WASHINGTON (Reuters) - The U.S. Supreme Court ruled on Monday for AT&T Inc in a dispute over how retirement benefits should be calculated for women who took maternity leaves before the federal Pregnancy Discrimination Act took effect in 1979.
By a 7-2 vote, the justices overturned a U.S. appeals court ruling that AT&T had violated federal civil rights law by not granting women credit for their entire pregnancy-related leaves taken before 1979.
The 1979 law barred companies from treating pregnancy leaves differently from other disability leaves. Since then, maternity leave has been considered disability leave and has been credited toward retirement.
The ruling was a defeat for four AT&T employees who each took at least one maternity leave between 1968 and 1976 and had sued. AT&T at the time allowed pregnant women up to 30 days of paid leave, but the women lost between 67 and 261 days of uncredited leave.
The appeals court in San Francisco ruled those days of maternity leave should count in determining their pension benefits.

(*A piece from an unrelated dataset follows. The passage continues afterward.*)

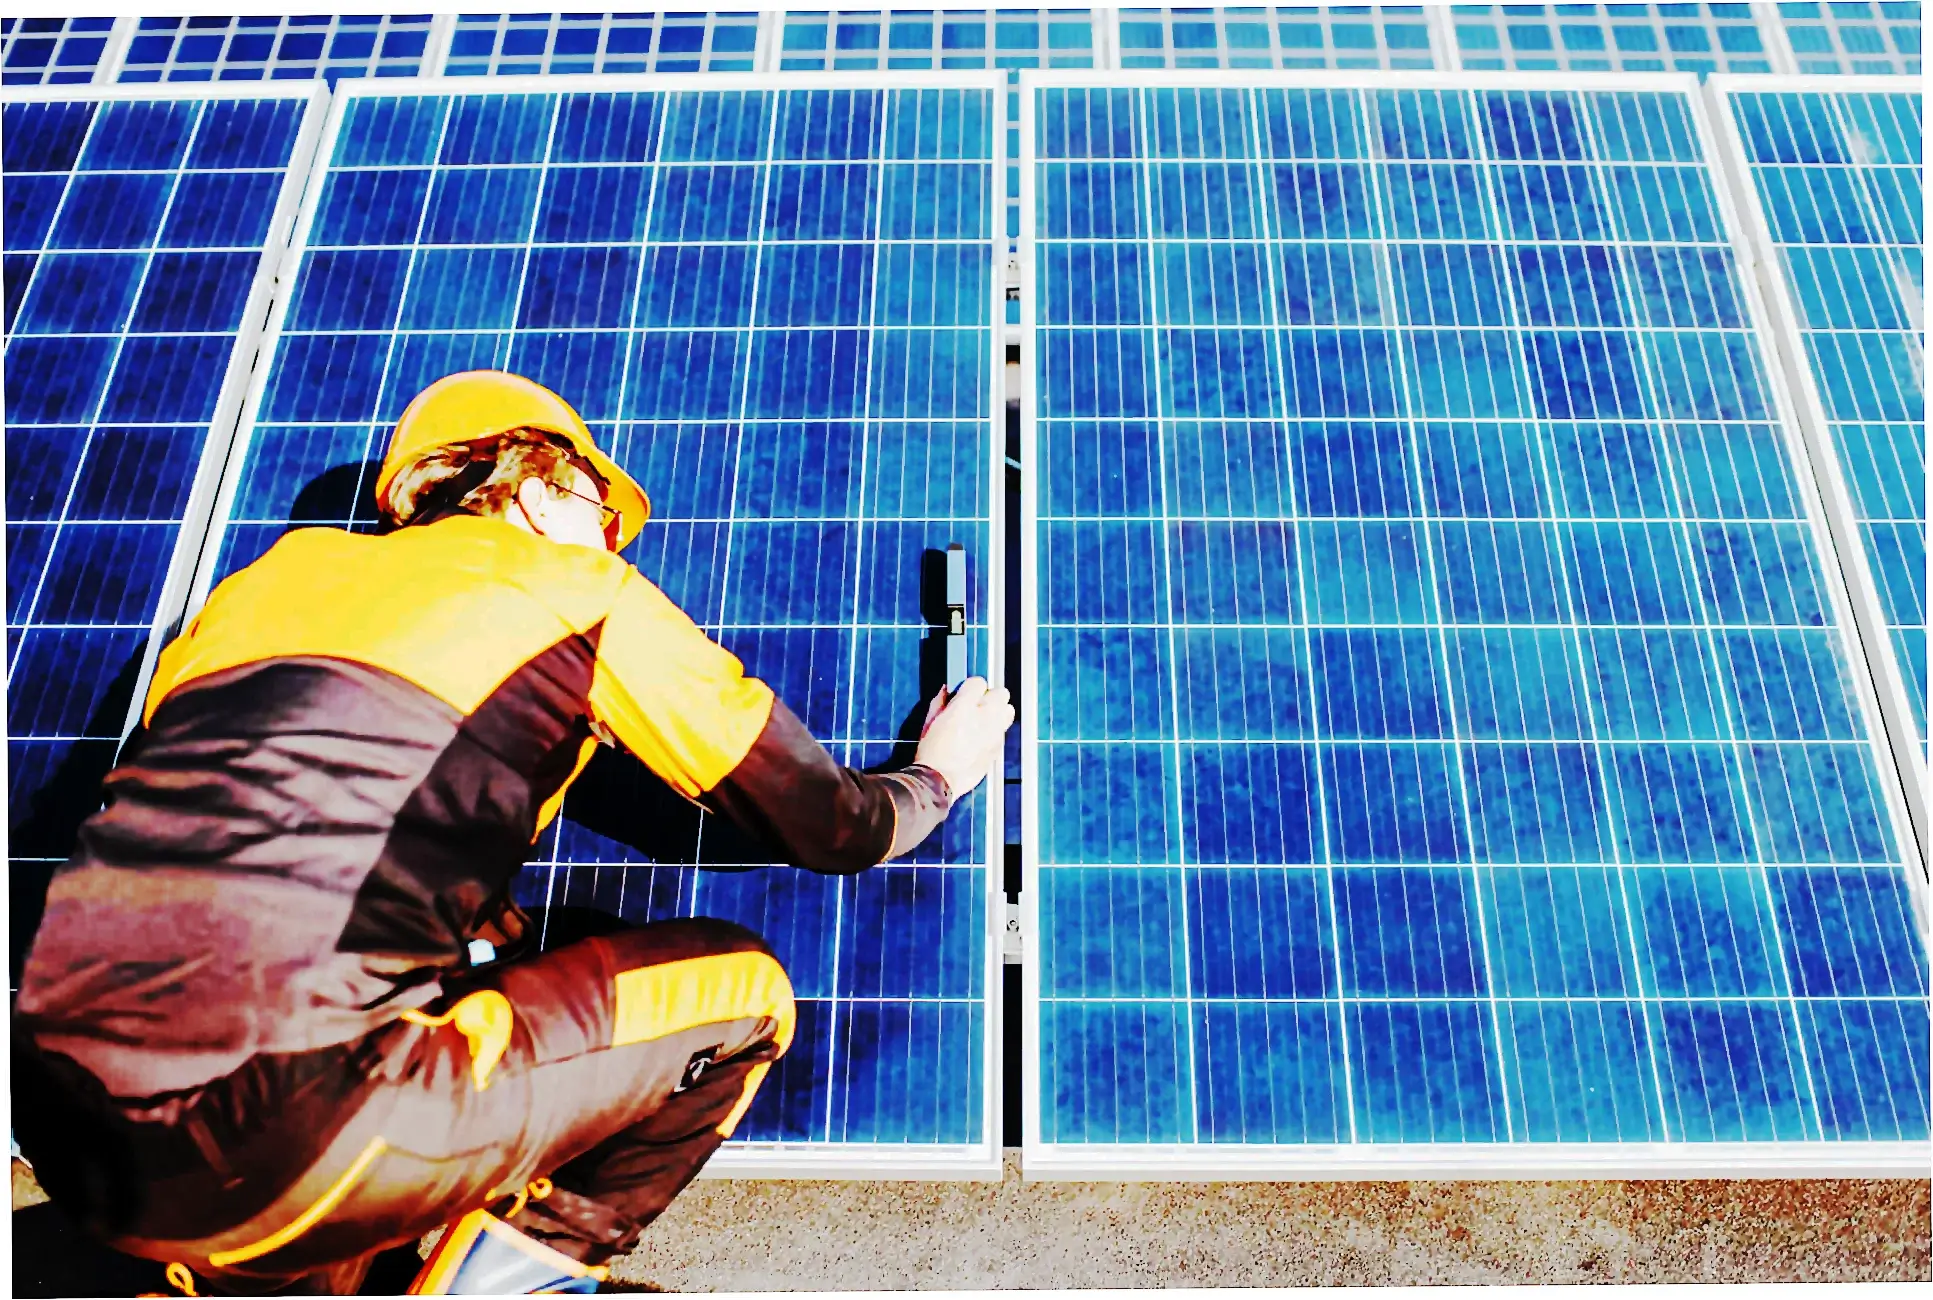 Fotovoltios Placas solares instalación Fotovoltaicas baratas

The Bush administration had backed AT&T, saying the appeals court ruling improperly credited maternity leaves before the law took effect and that Congress specifically did not make the law retroactive.
Writing for the court majority, Justice David Souter concluded, “We hold there is no necessary violation; and the benefit calculation rule in this case is part of a bona fide seniority system under ... the Civil Rights Act of 1964, which insulates it from challenge.”
Justices Ruth Bader Ginsburg and Stephen Breyer dissented.